- INPUT DATA
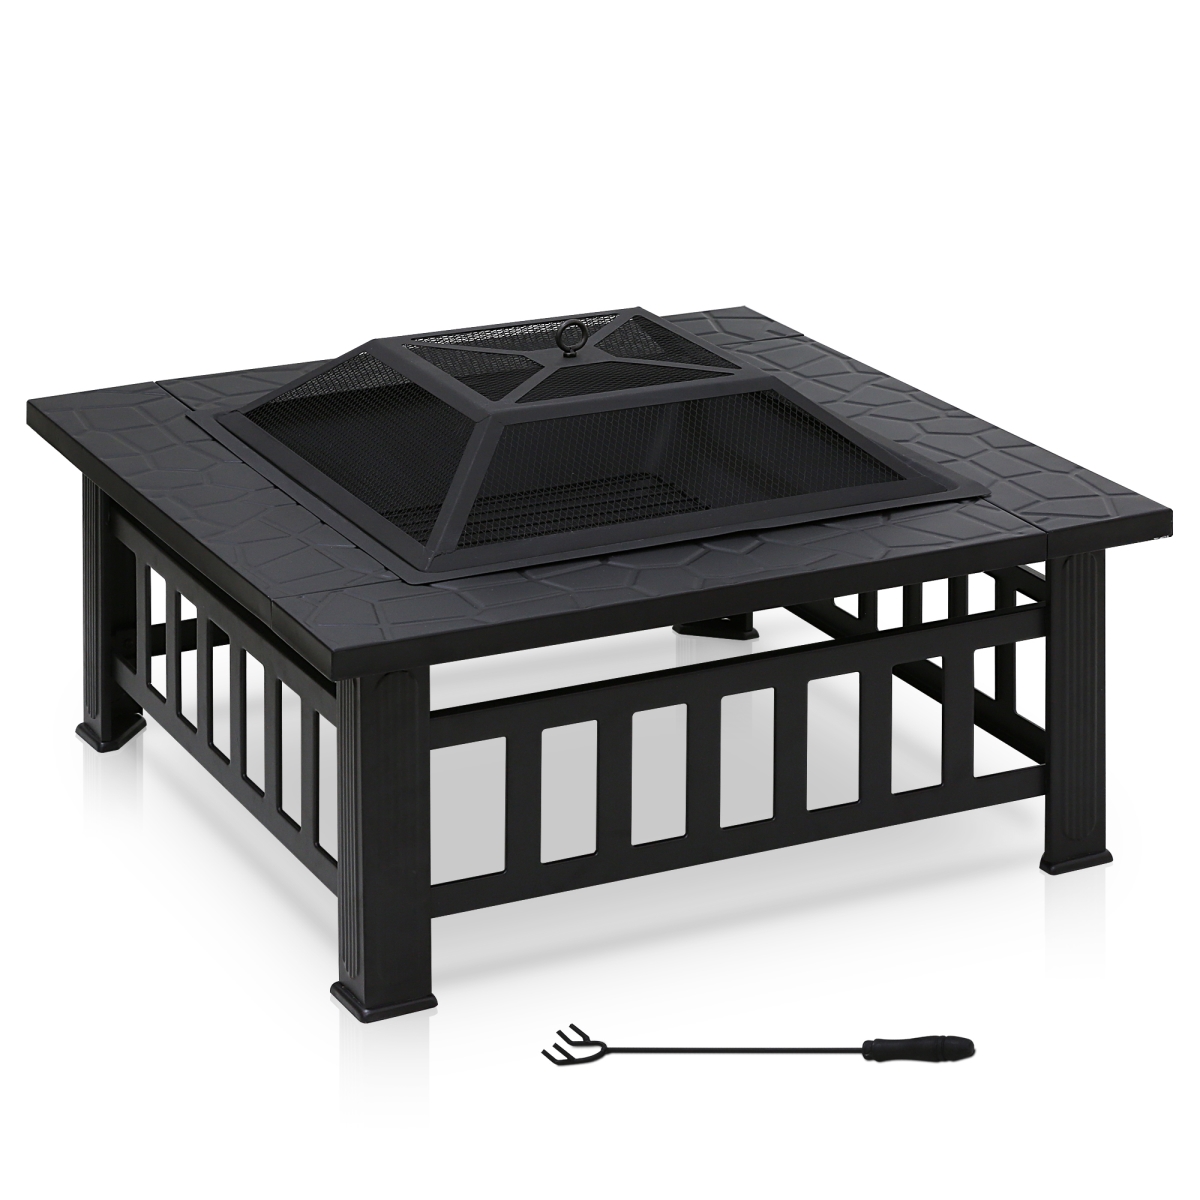 Outdoor Square Fire Pit, Black
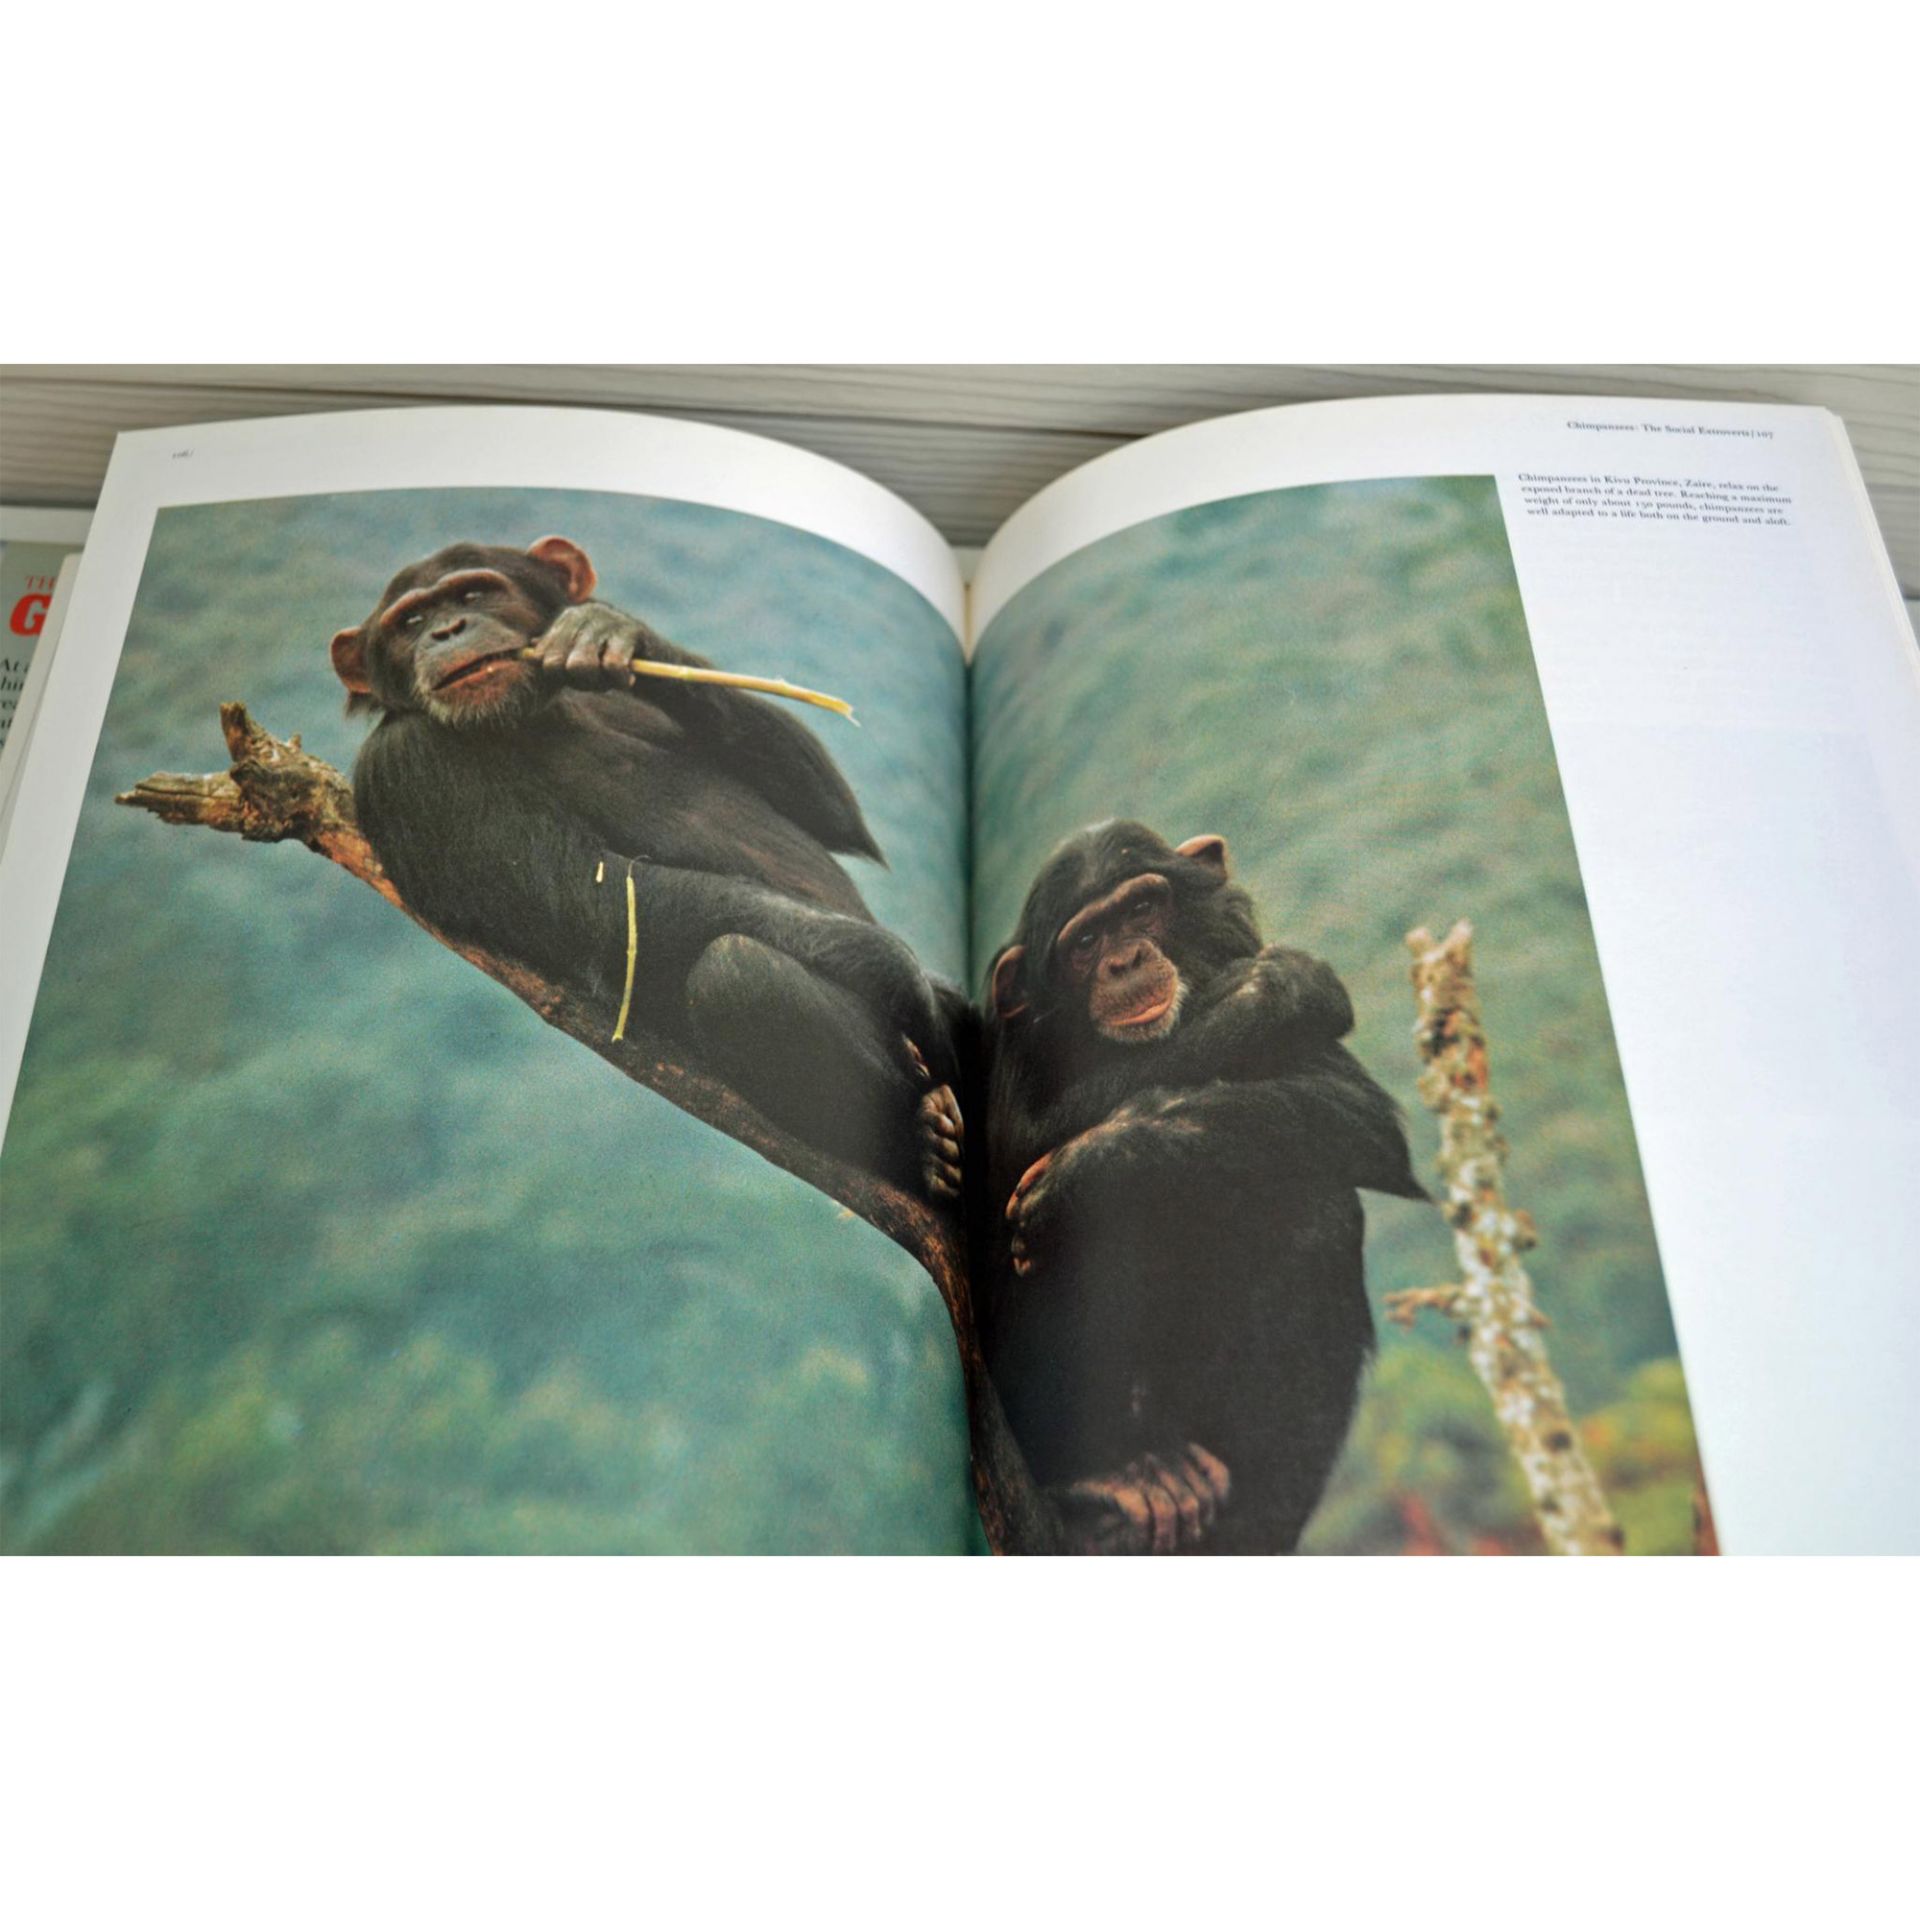 Seven Coffee Table Books, A Collection Of Birds, Animals, The National Audubon Society, The Great Ap - Image 7 of 8
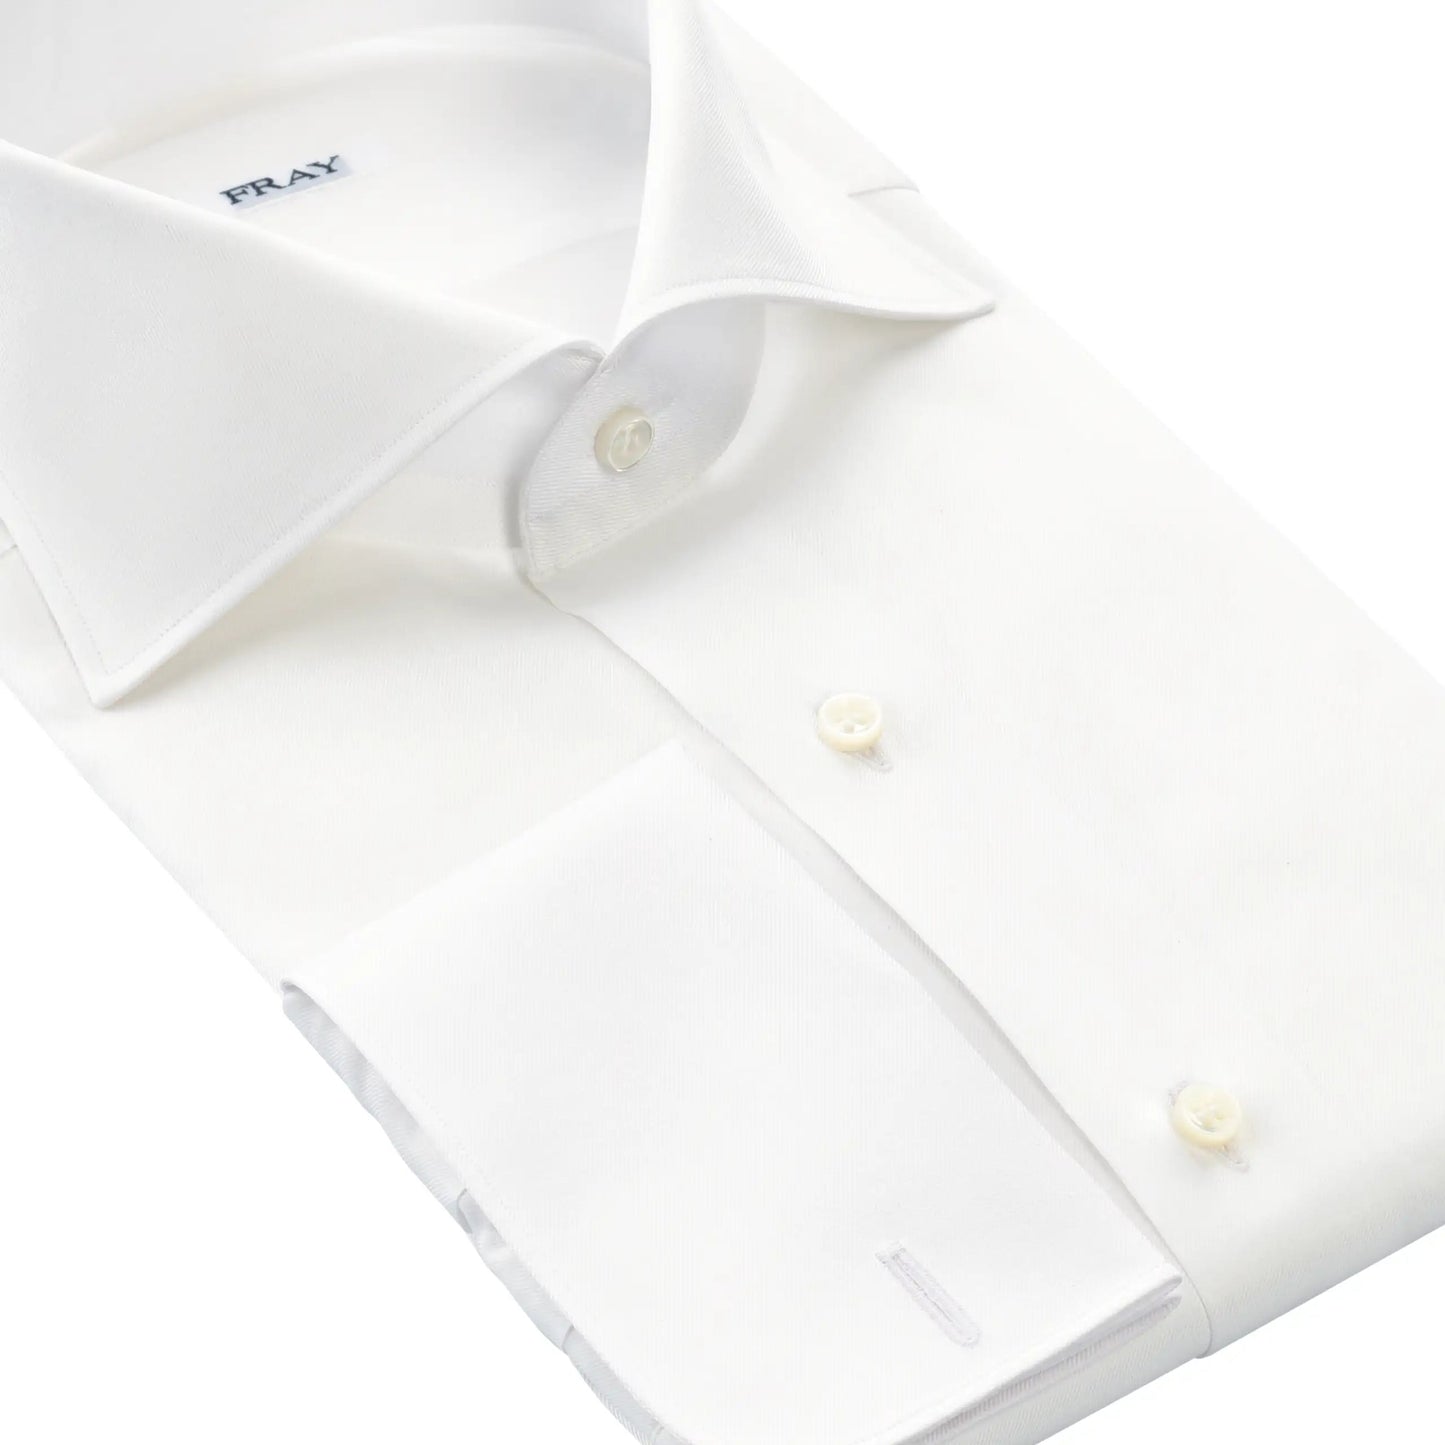 Fray Classic White Shirt with French Double Cuff - SARTALE
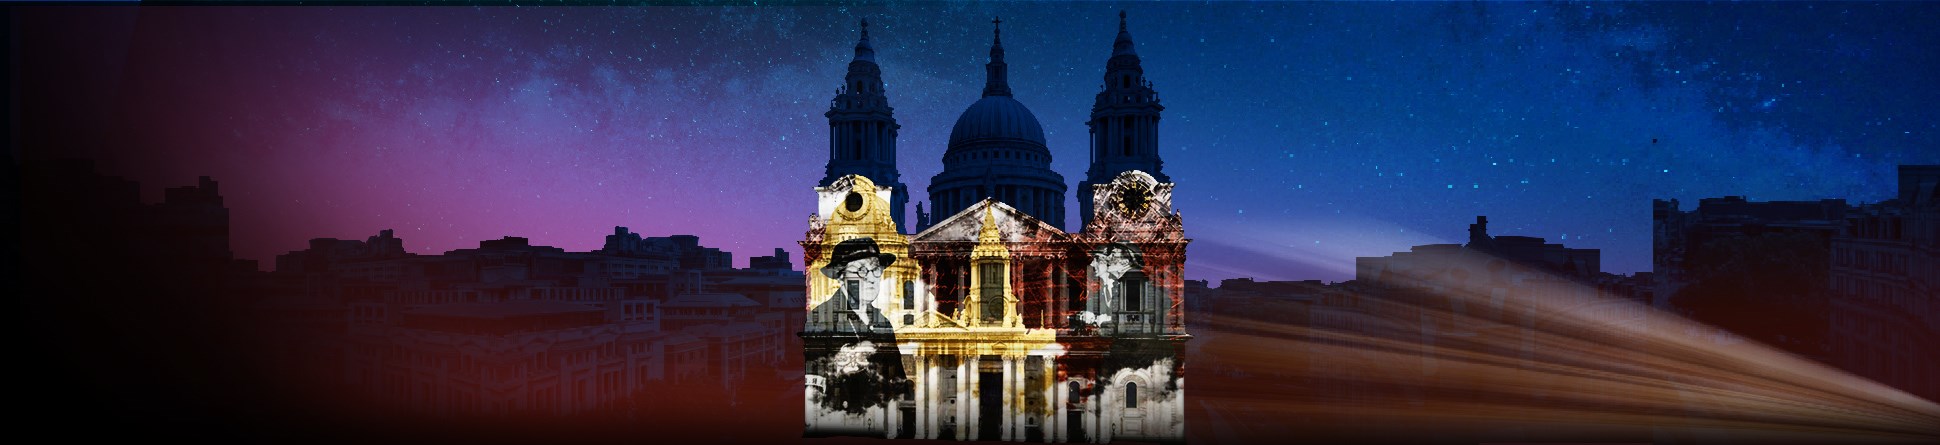 Artist's impression of light projections on St Paul's Cathedral

- EXERCISE INSTRUCTIONS
Without the images, print all of the lines above exactly.

- RESPONSE TO THE EXERCISE
 Outdoor Square Fire Pit, Black
 Seven Coffee Table Books, A Collection Of Birds, Animals, The National Audubon Society, The Great Ap - Image 7 of 8
 Fray Classic White Shirt with French Double Cuff - SARTALE
 Artist's impression of light projections on St Paul's Cathedral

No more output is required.